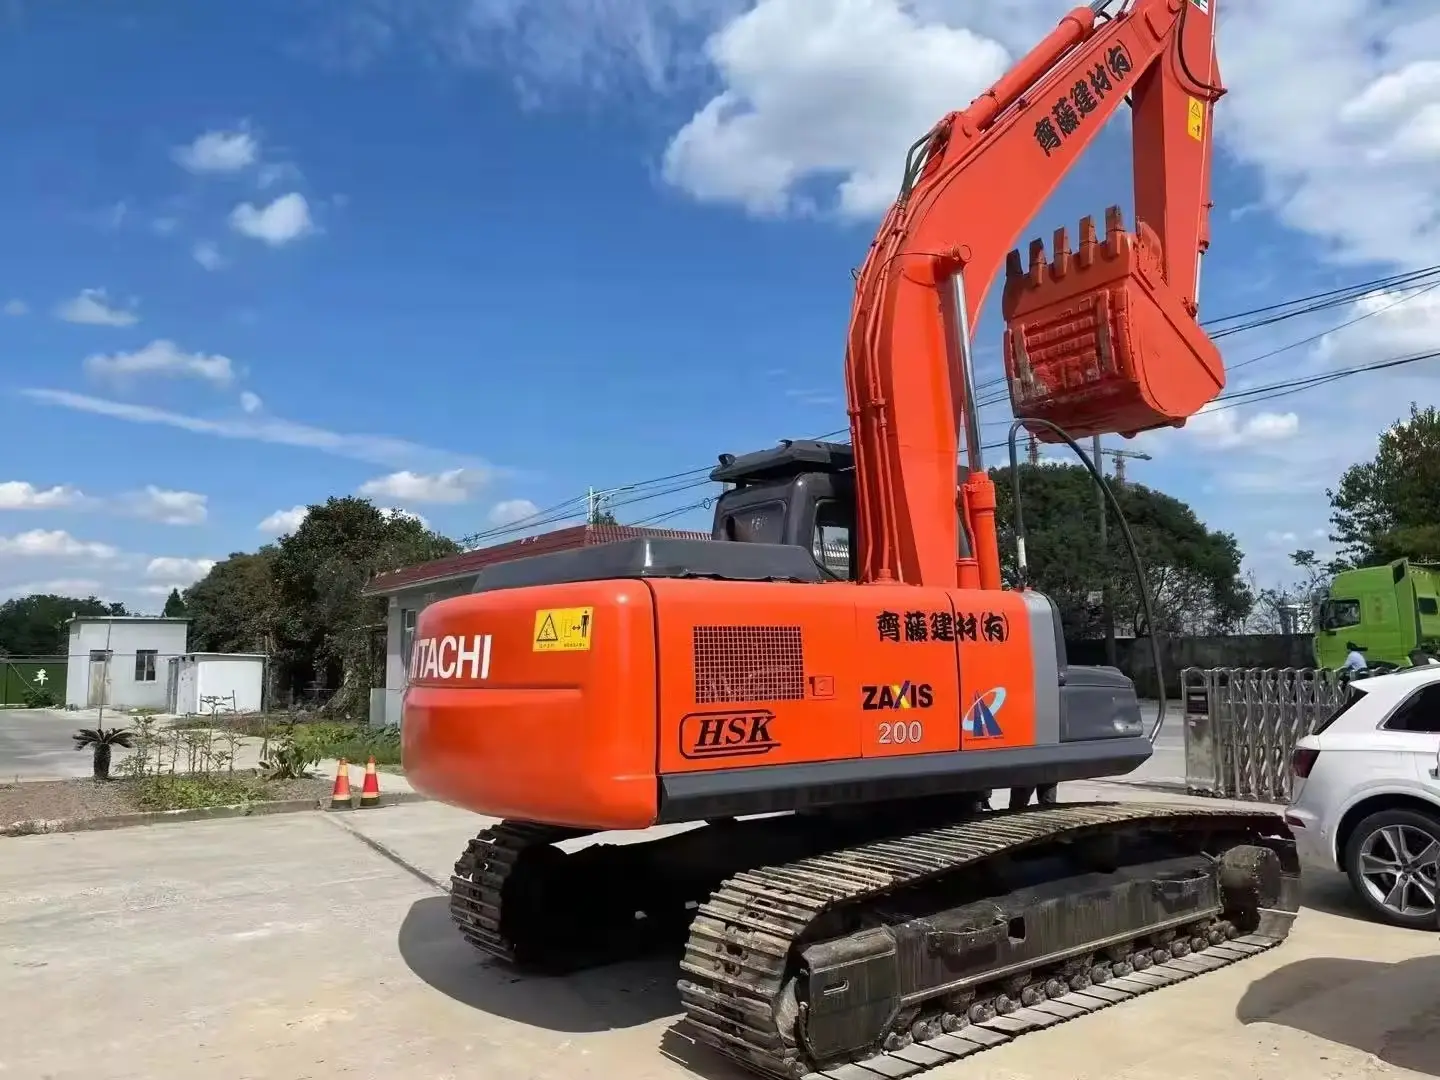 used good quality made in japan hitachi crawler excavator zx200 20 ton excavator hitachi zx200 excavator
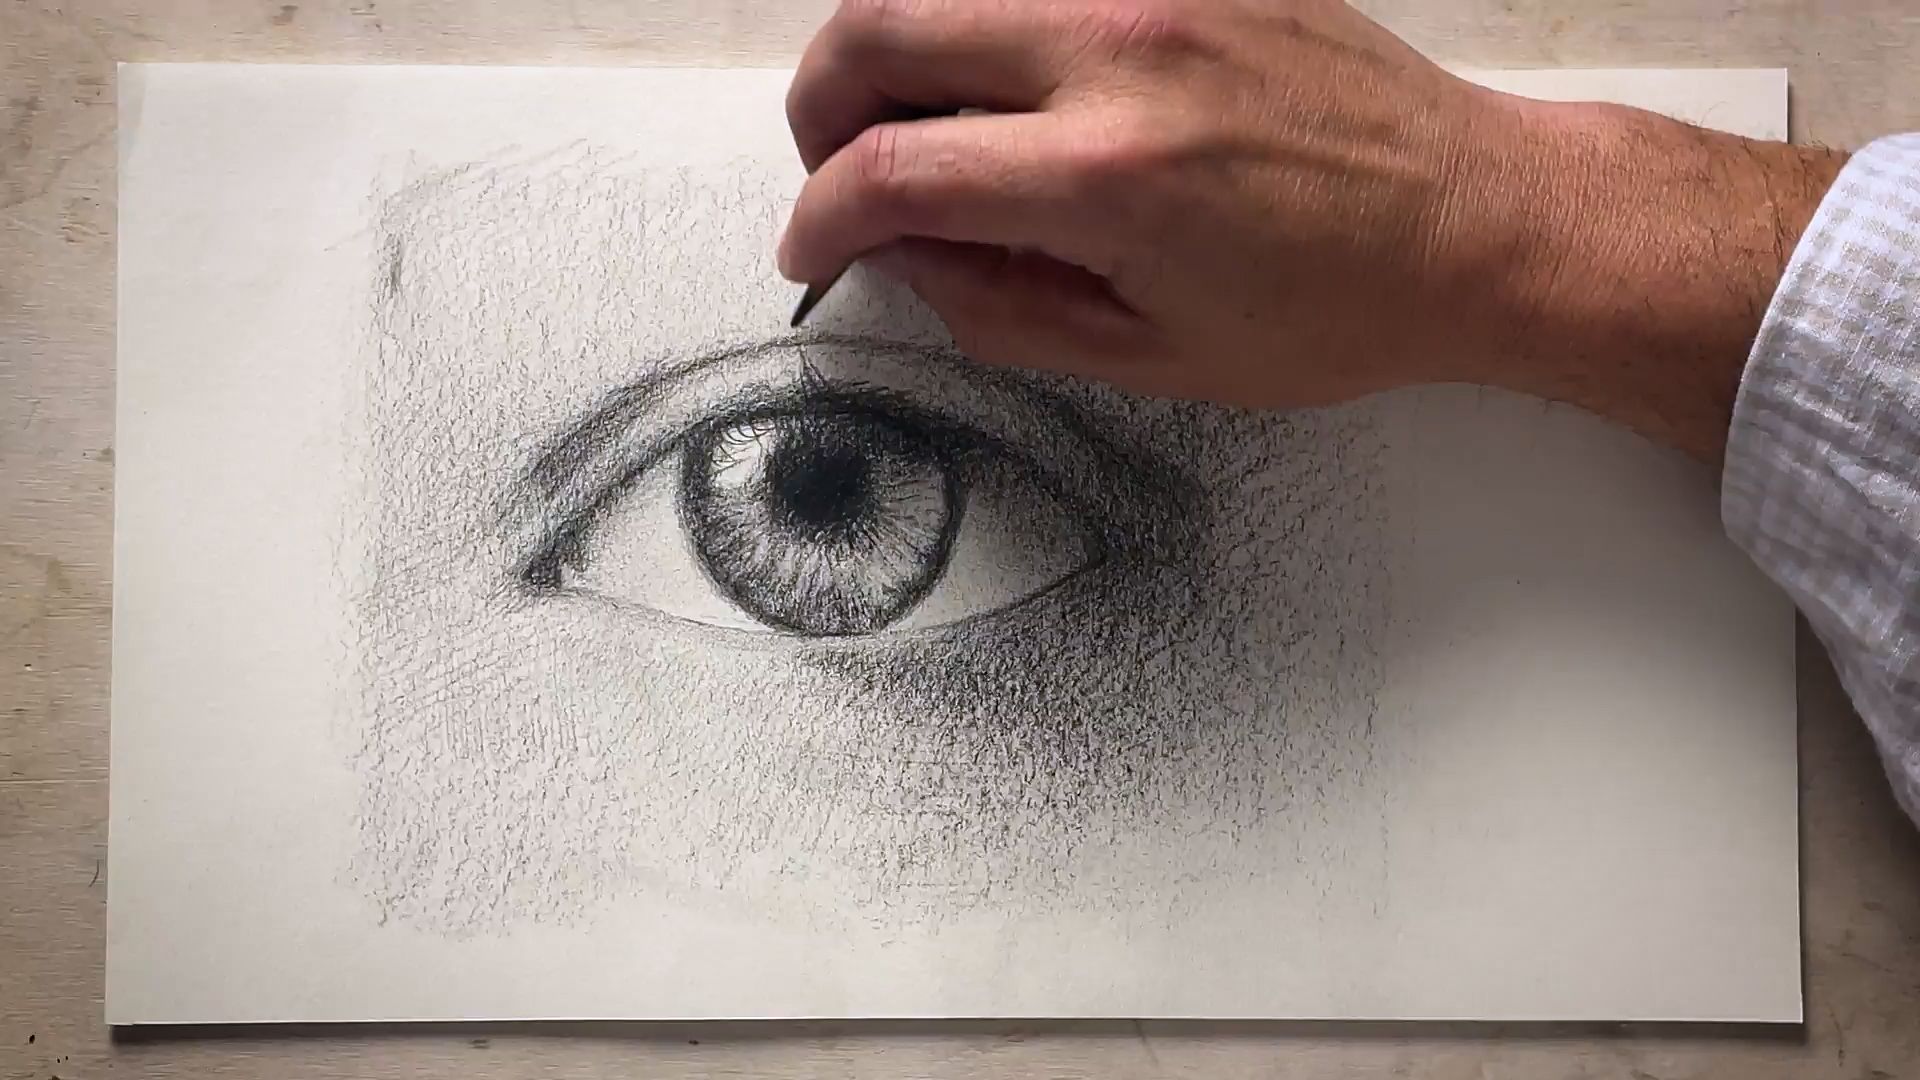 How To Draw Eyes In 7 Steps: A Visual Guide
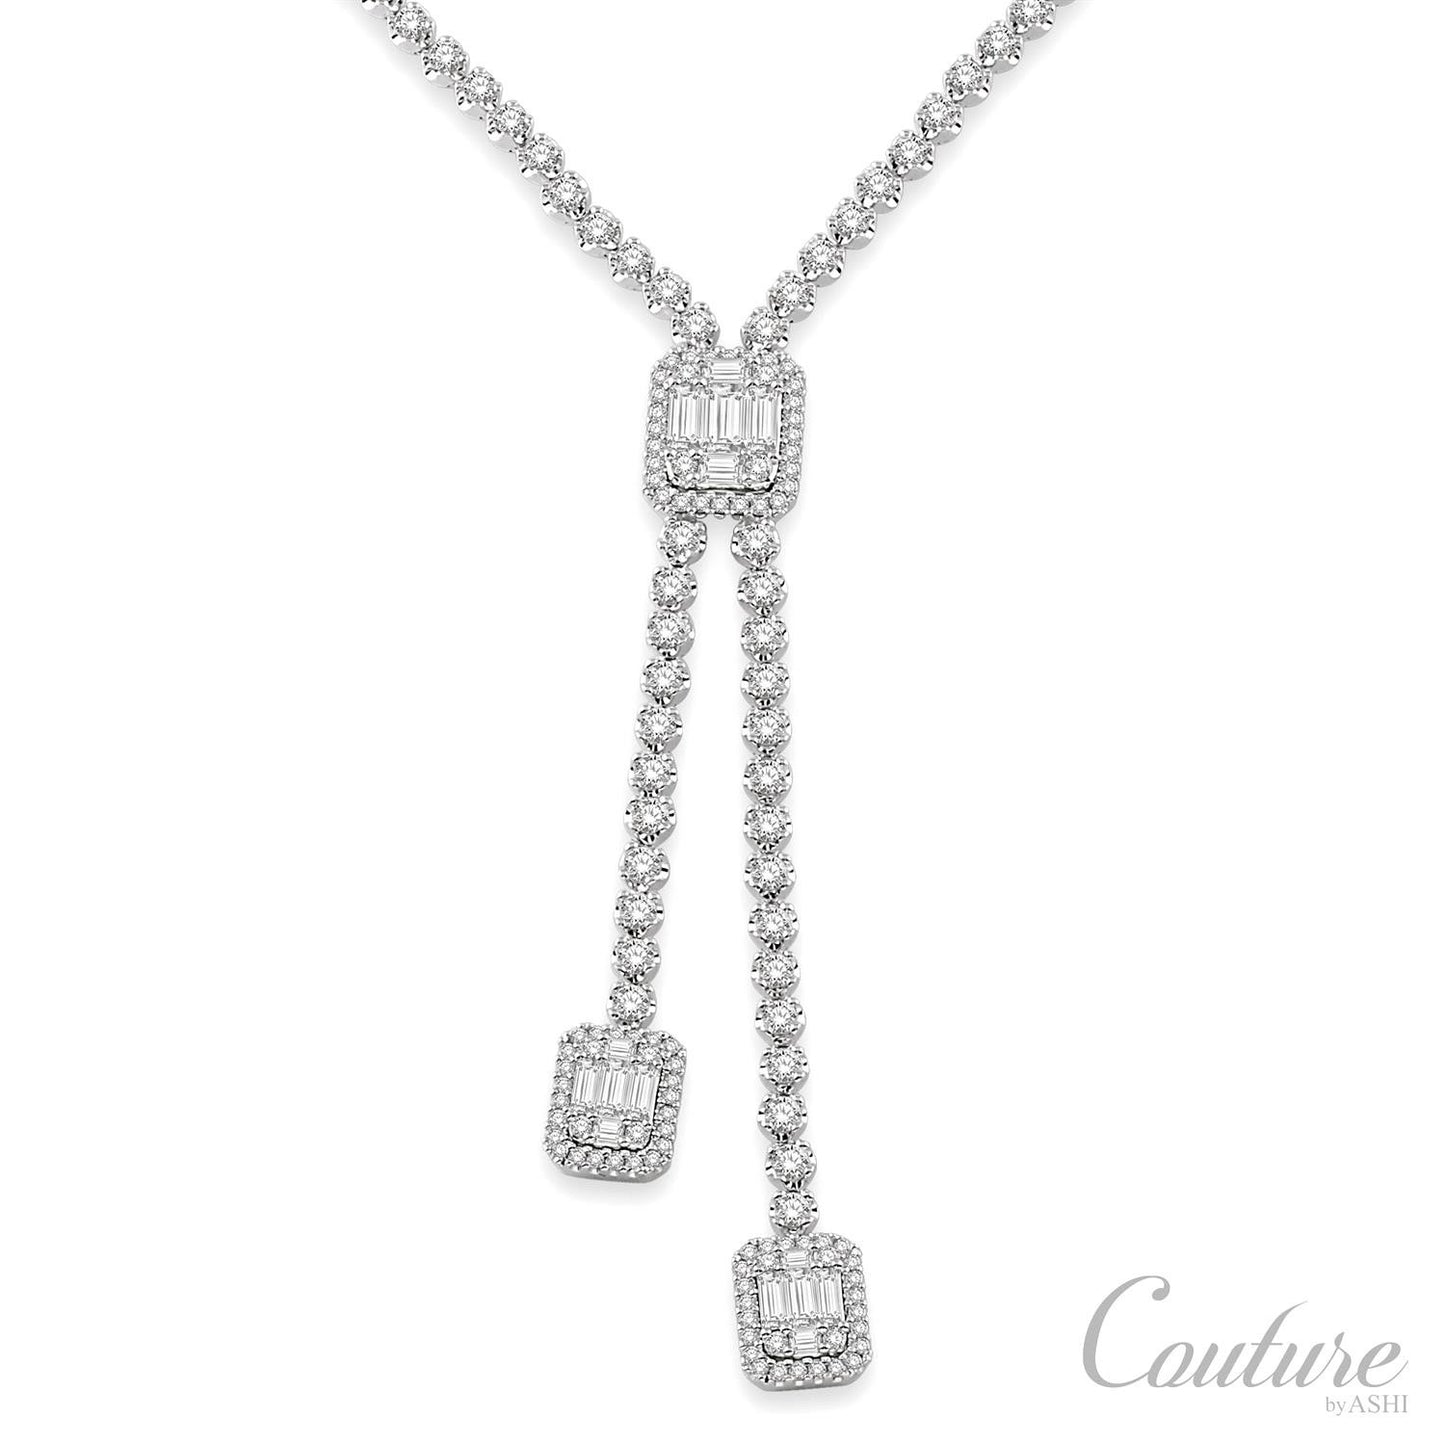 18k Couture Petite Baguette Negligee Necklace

--

* _Work task_:
Would you transcribe, exactly and only, the lines from the one that contains "How To Draw Eyes In 7 Steps: A Visual Guide" through the last line of the data above, without any pictures?

* _Result_:
 How To Draw Eyes In 7 Steps: A Visual Guide
 18k Couture Petite Baguette Negligee Necklace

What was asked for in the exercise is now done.